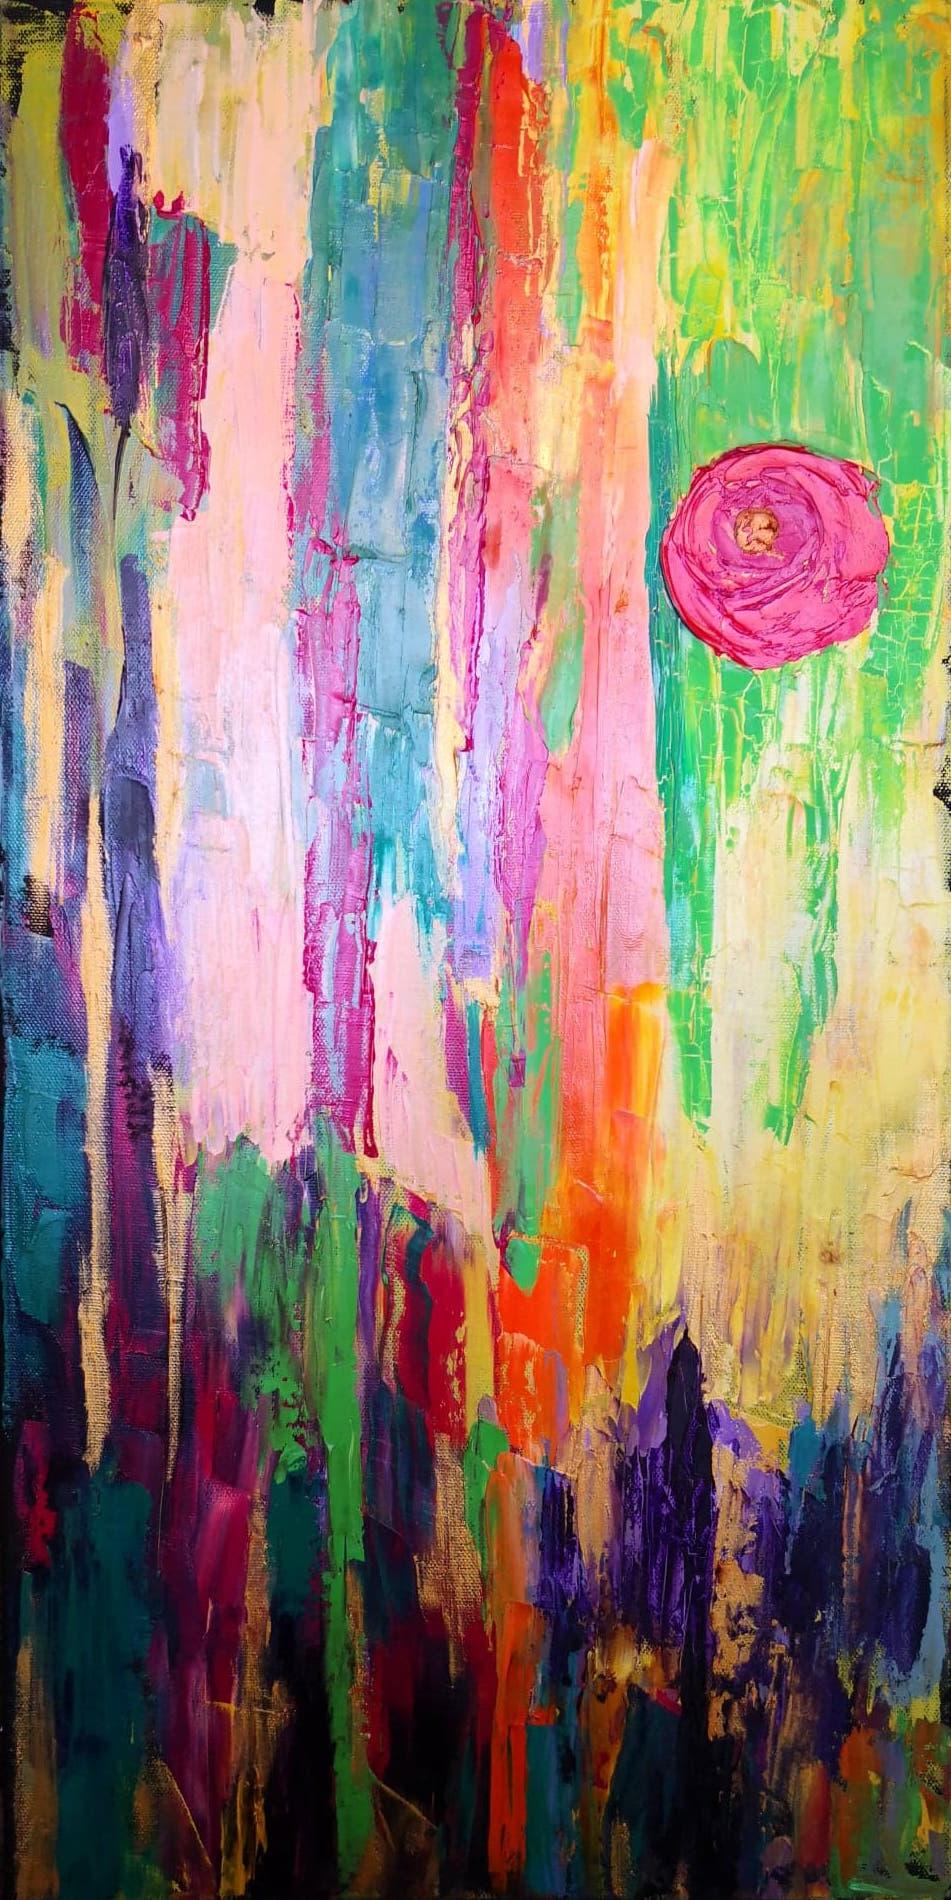 Heather M. Johnson, Aubade Part I (Triptych), Oil on canvas, 24 x 12 inches, $150:panel .jpg
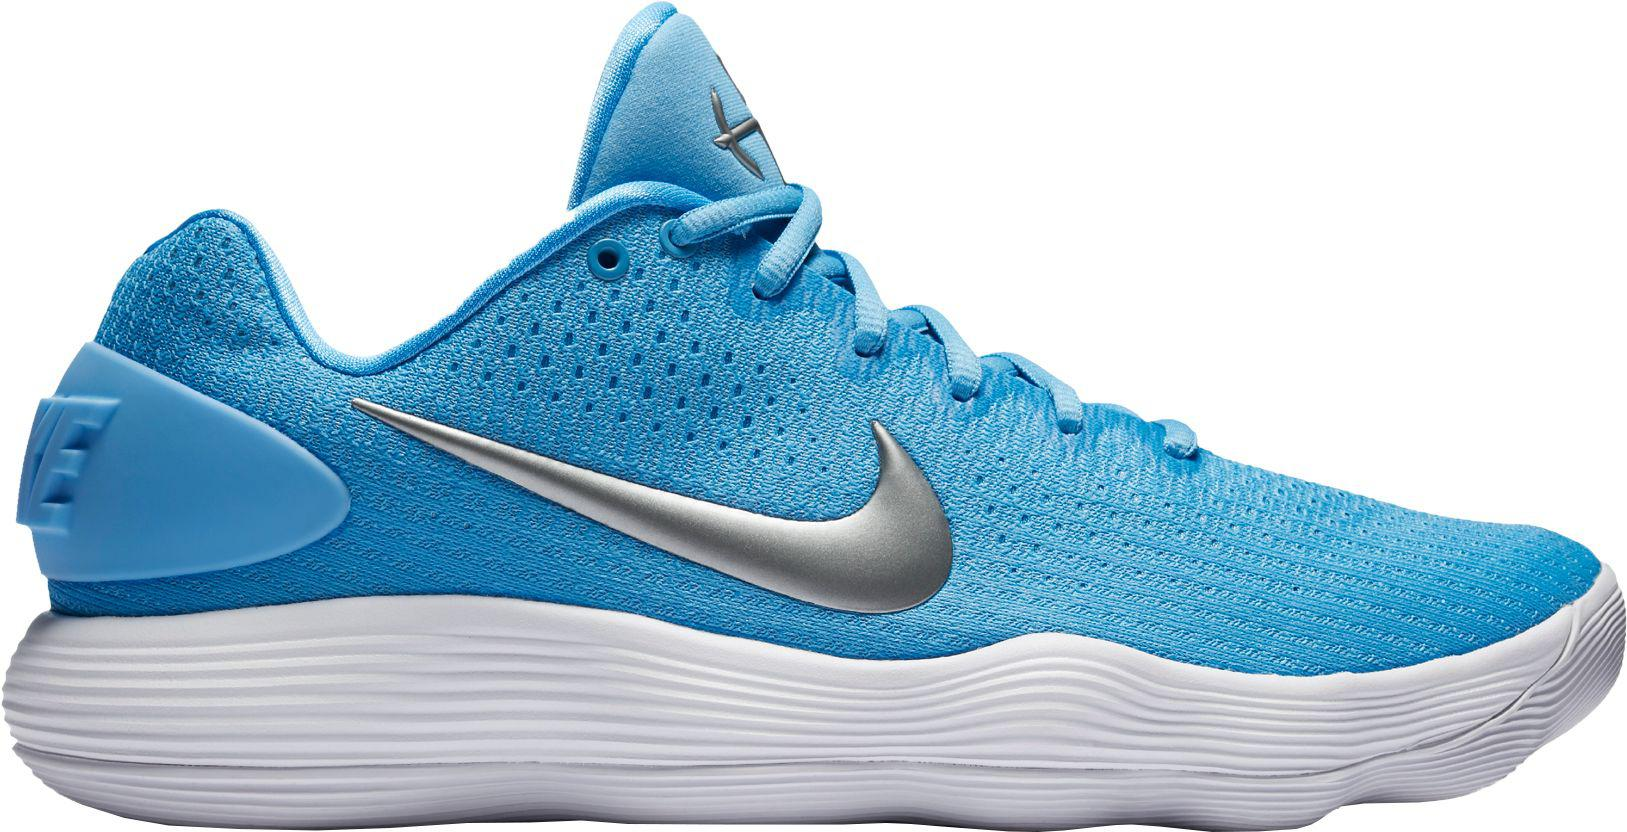 defcb80094e Lyst - Nike React Hyperdunk 2017 Low Basketball Shoes in Blue for Men
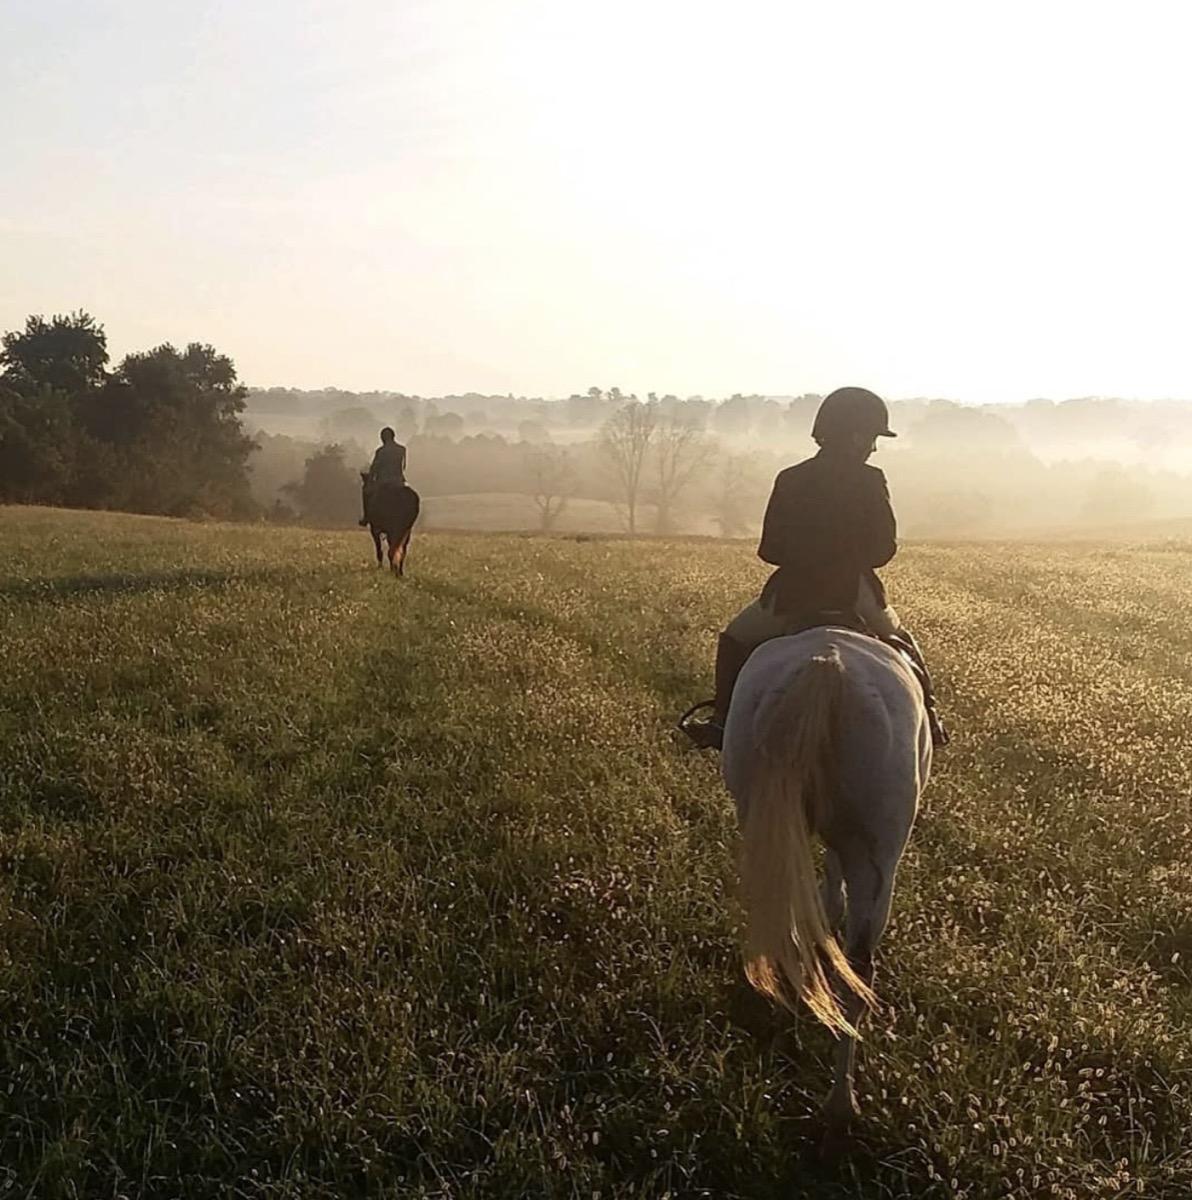 mackenzie rosman on horseback riding across a field
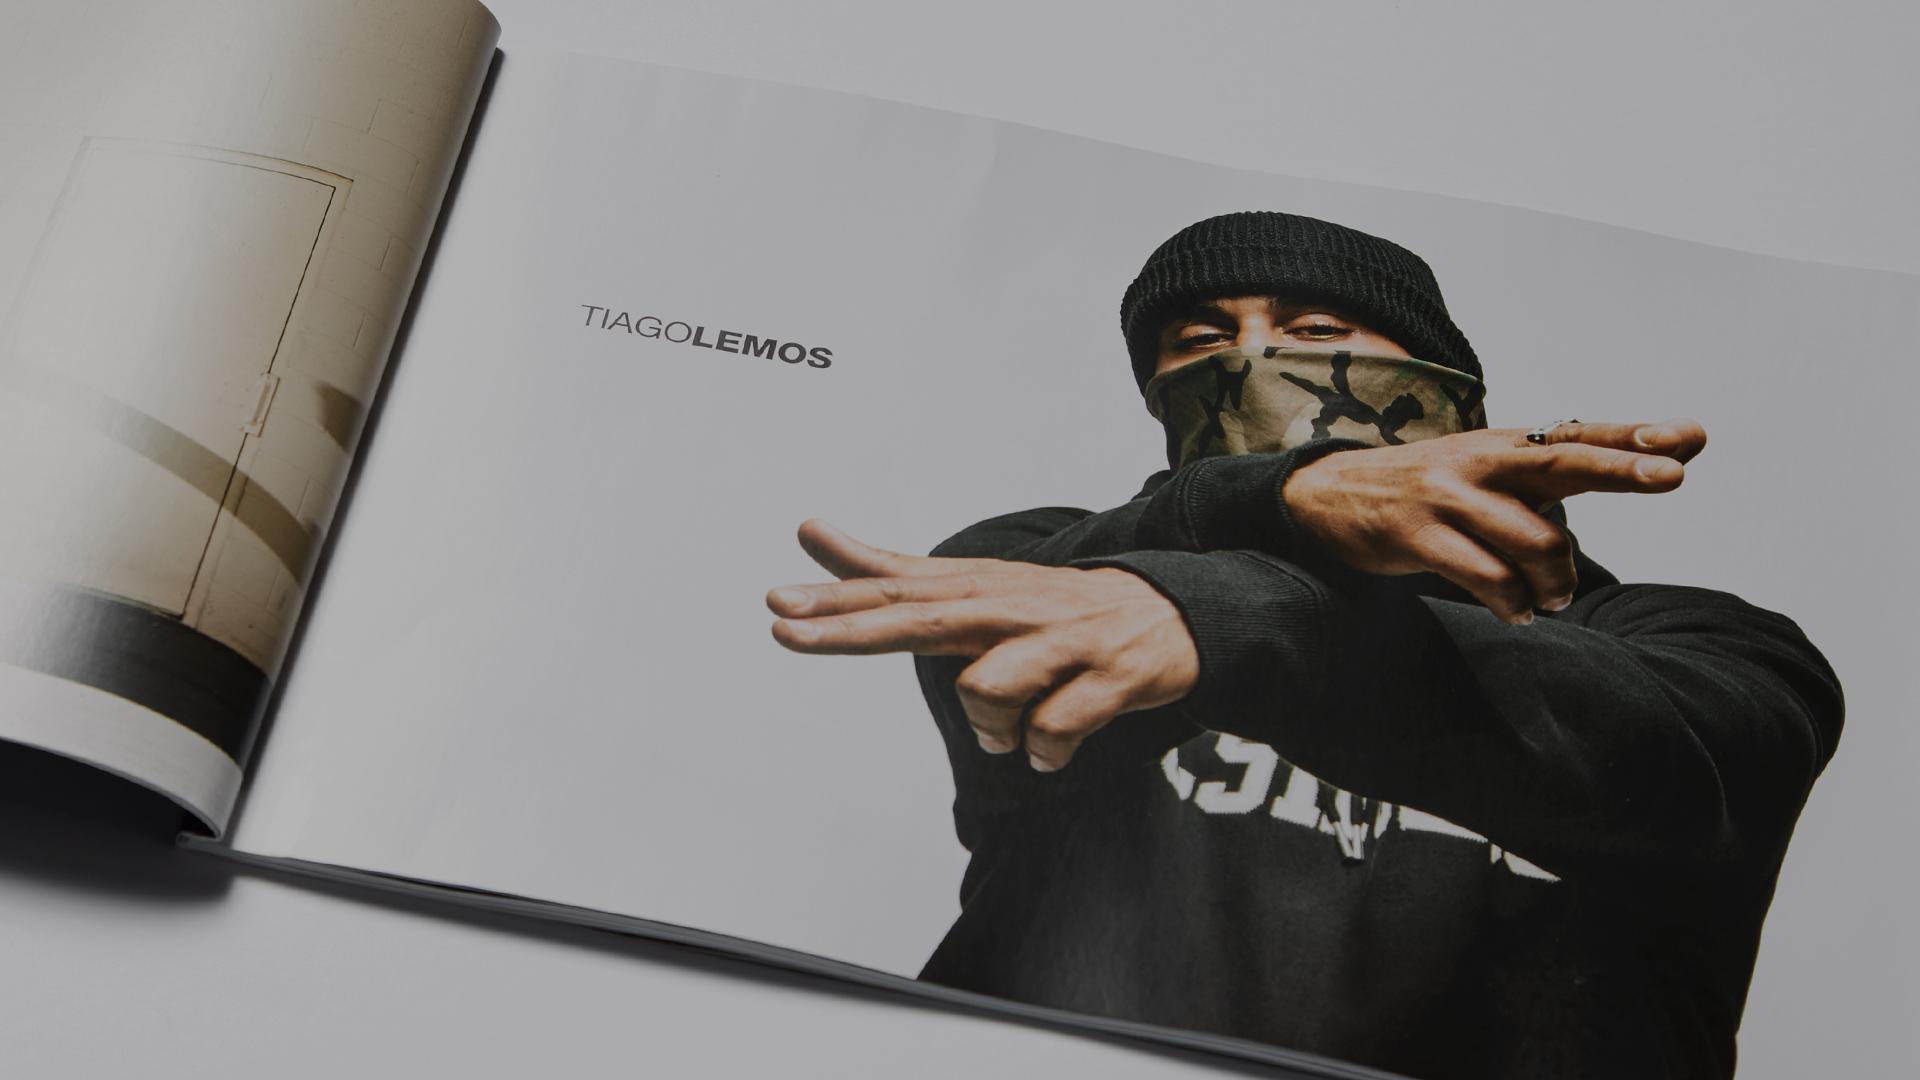 Catalogs - Art DirectionCreative Direction: Damon WayPhotos: Mike Blabac / Steve Treboux

********************

• **What to produce**
Starting at the line that contains "defcb80094e Lyst - Nike", extract each line through the last line of the material exactly as written, and include no pictures.

• **Answer to the problem**
 defcb80094e Lyst - Nike React Hyperdunk 2017 Low Basketball Shoes in Blue for Men
 mackenzie rosman on horseback riding across a field
 Catalogs - Art DirectionCreative Direction: Damon WayPhotos: Mike Blabac / Steve Treboux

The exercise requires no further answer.